Generally, if one has a functioning immune system, no treatment is needed, and the bumps and virus will resolve within 6–12 months of contraction. However, treatment is suggested if the bumps are in the genital area or if the person affected is immunocompromised. In healthy (non-immunocompromised) individuals, cryotherapy, curettage, laser therapy, oral therapy, or a topical therapy is suggested to treat the lesions. Cryotherapy involves freezing the lesions with liquid nitrogen, whereas curettage involves piercing the core and scraping the lesion with sterile equipment. Laser therapy involves destroying the lesion with a laser. It is a good idea not to try removing the lesions yourself, as the skin can become infected and the virus can spread to other parts of the body.

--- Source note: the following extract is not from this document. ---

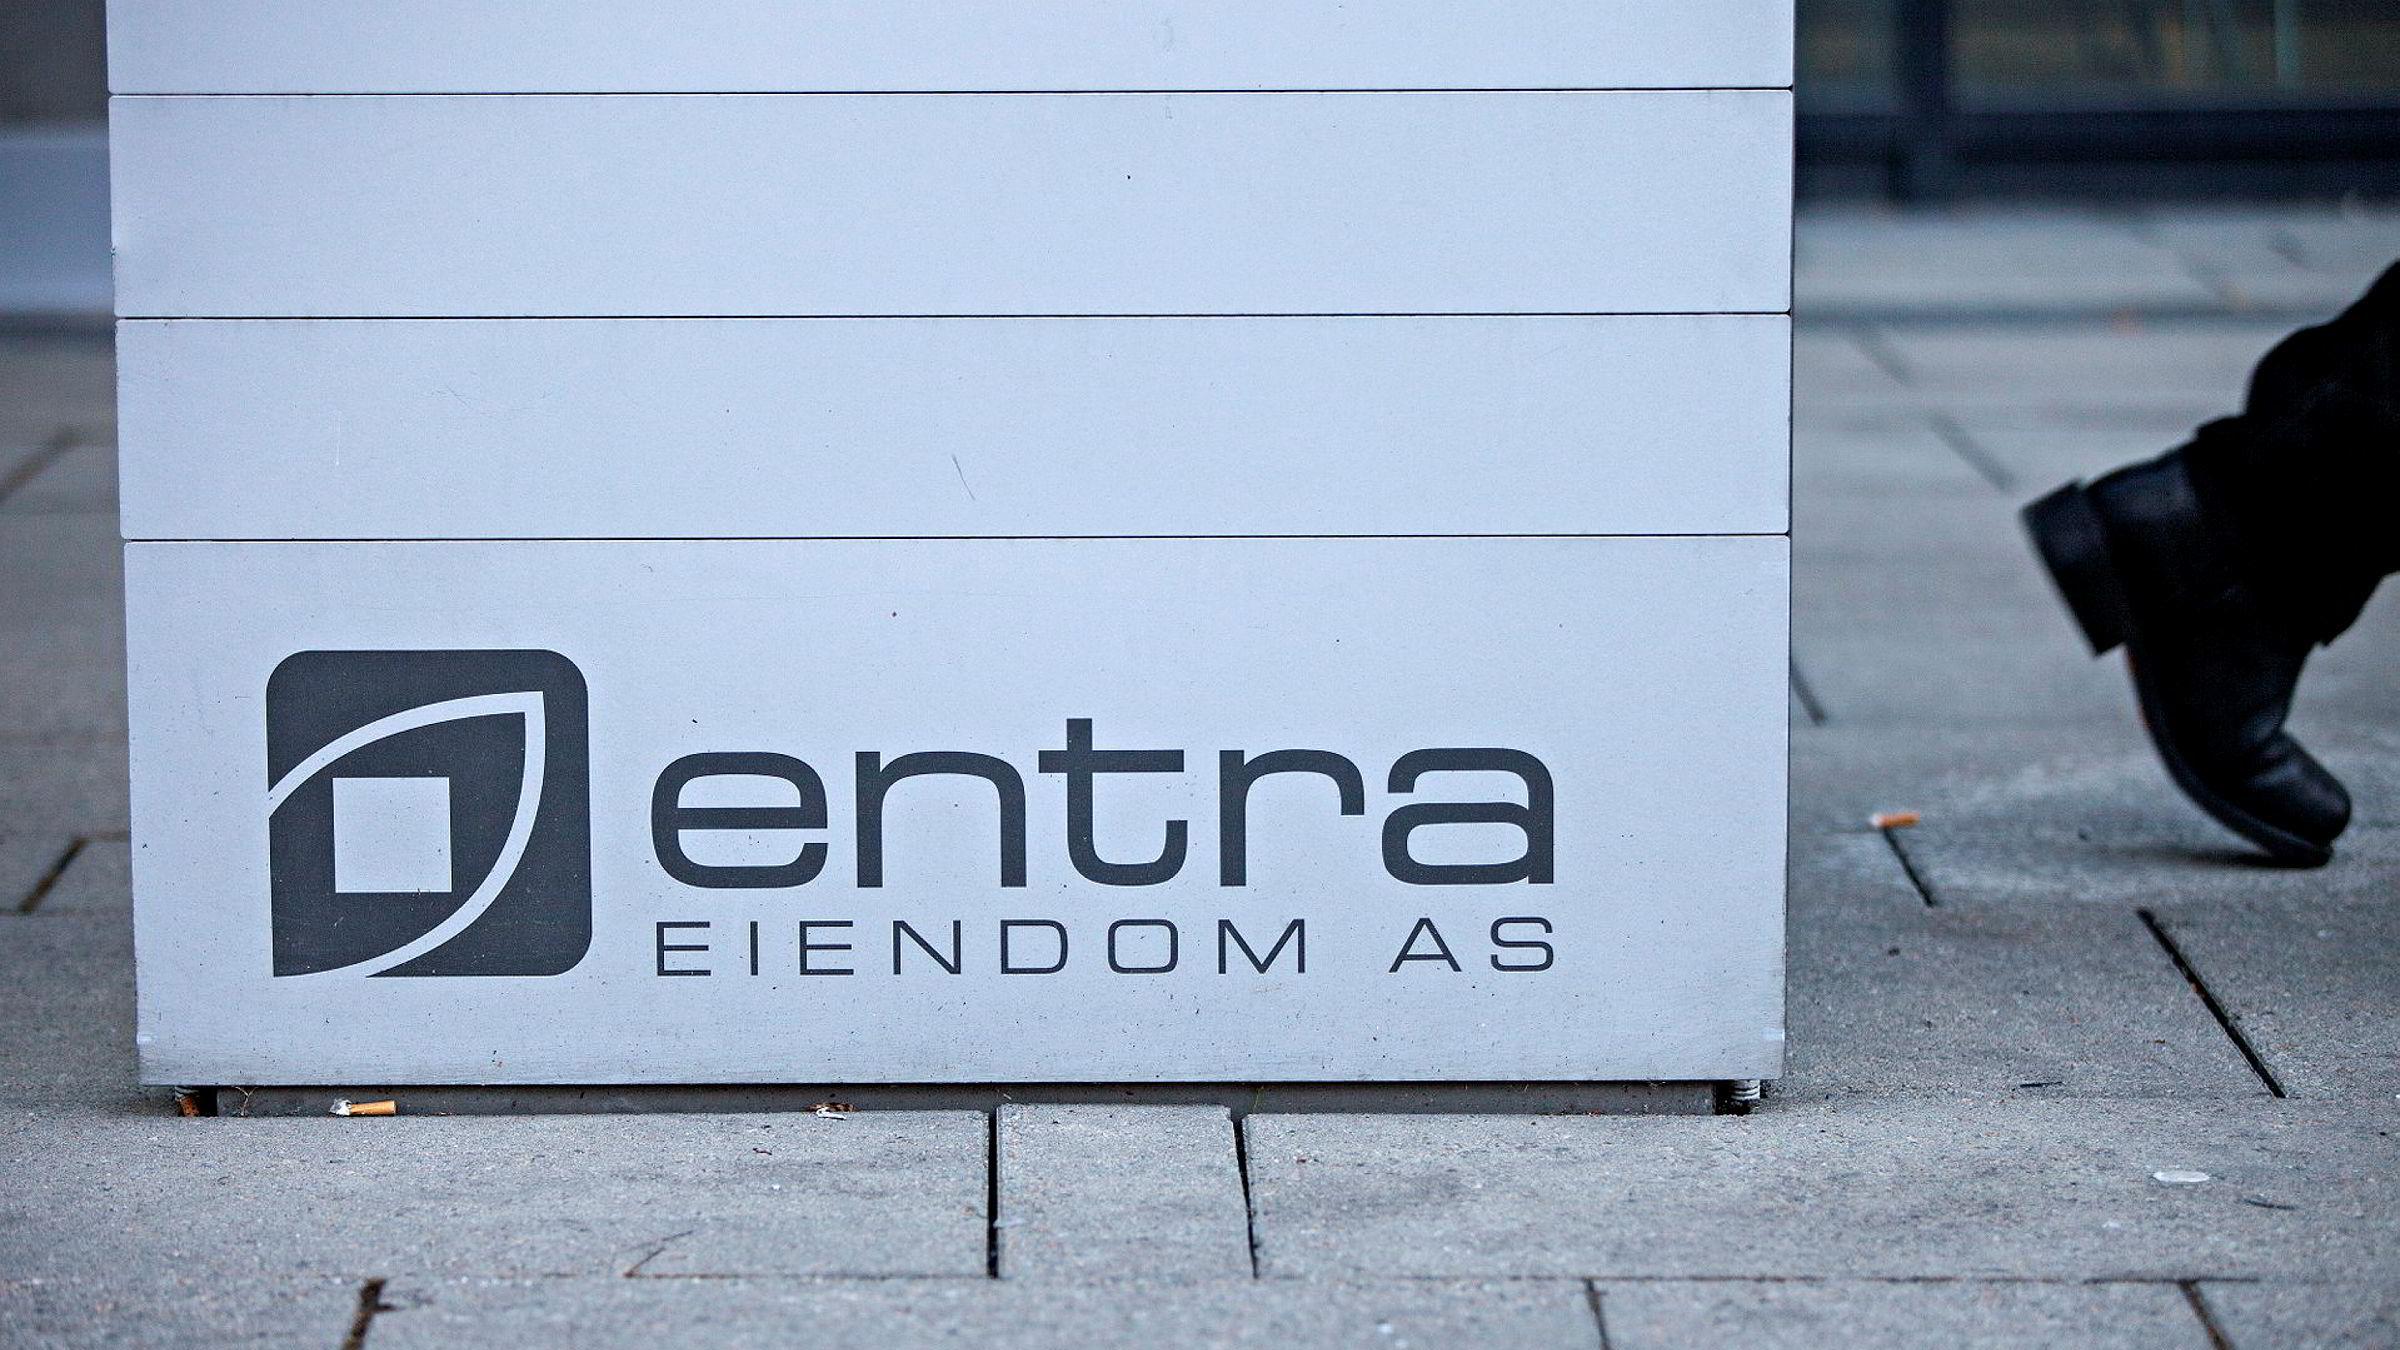 Oslo 20121011. Selskapet Entra Eiendom AS sine lokaler i Oslo sentrum torsdag.Foto: Thomas Winje Øijord / NTB scanpix Foto: Øijord, Thomas Winje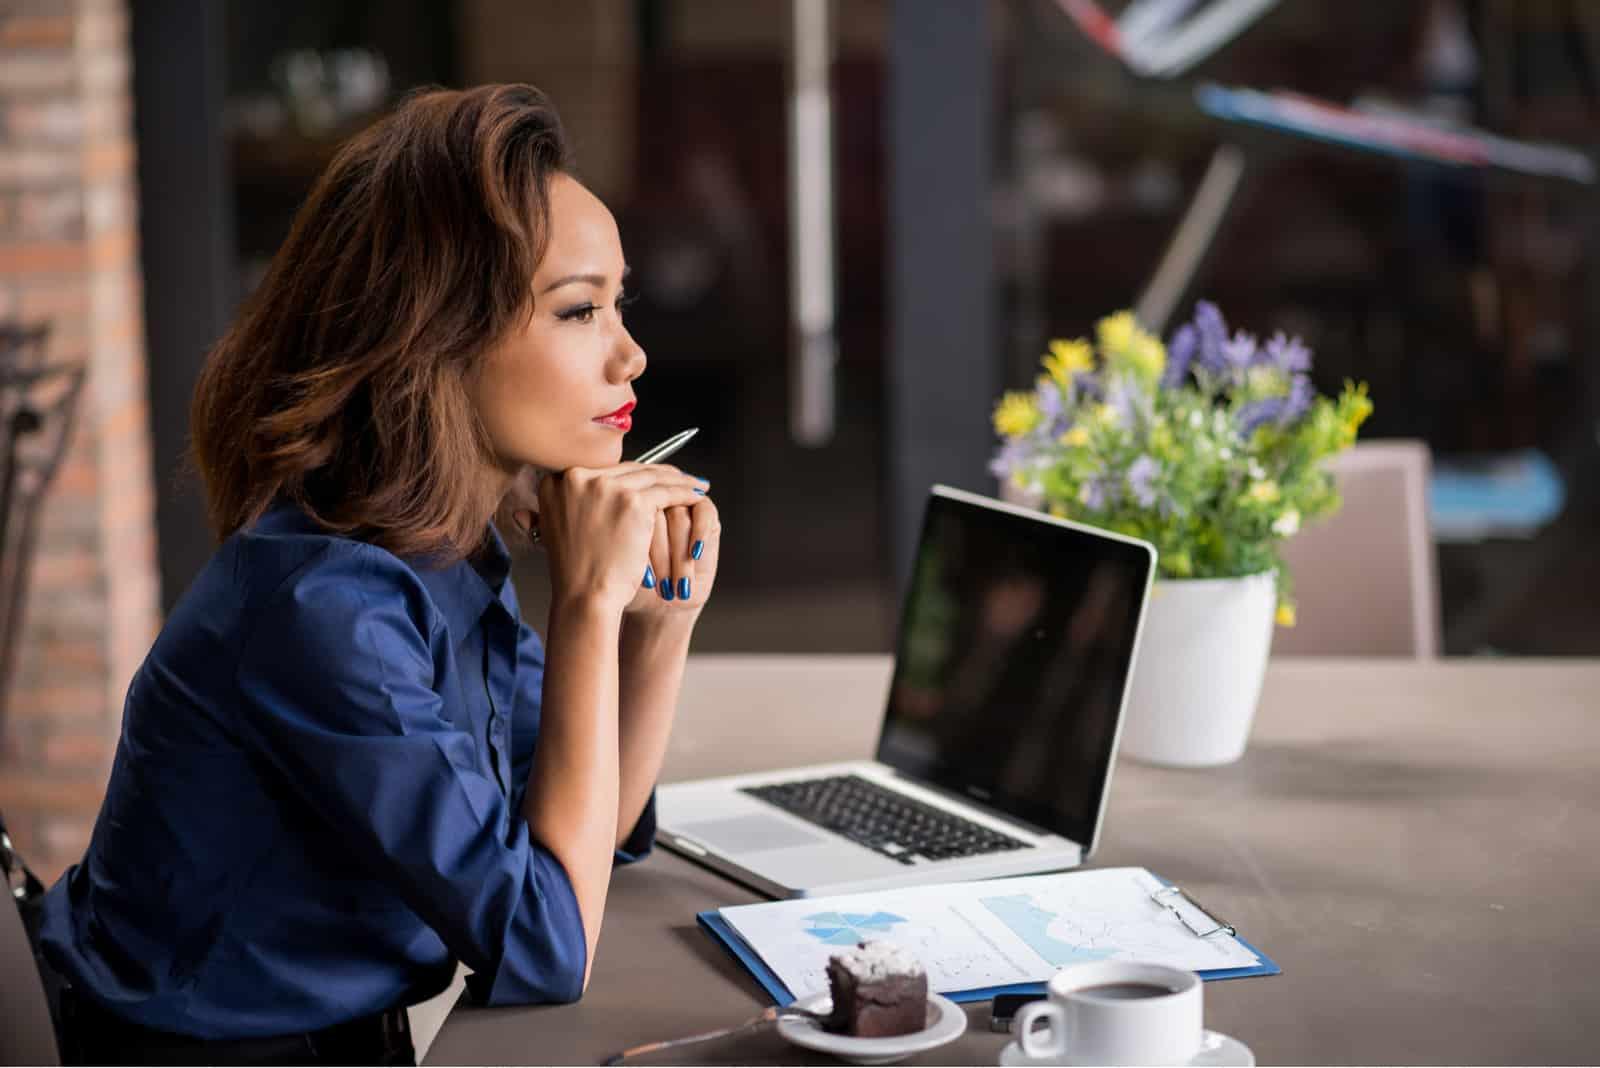 une femme imaginaire assise à un bureau

A commonly prescribed oral medication used to treat the lesions is cimetidine, and a topical therapy is Podophyllotoxin cream (0.5%).

People with severely weakened immune systems and molluscum contagiosum may have bumps or lesions that are larger than 15 millimeters and look different from normal. Most typical therapies are ineffective in treating these people. The recommended treatment in this case is therapies that strengthen the immune system.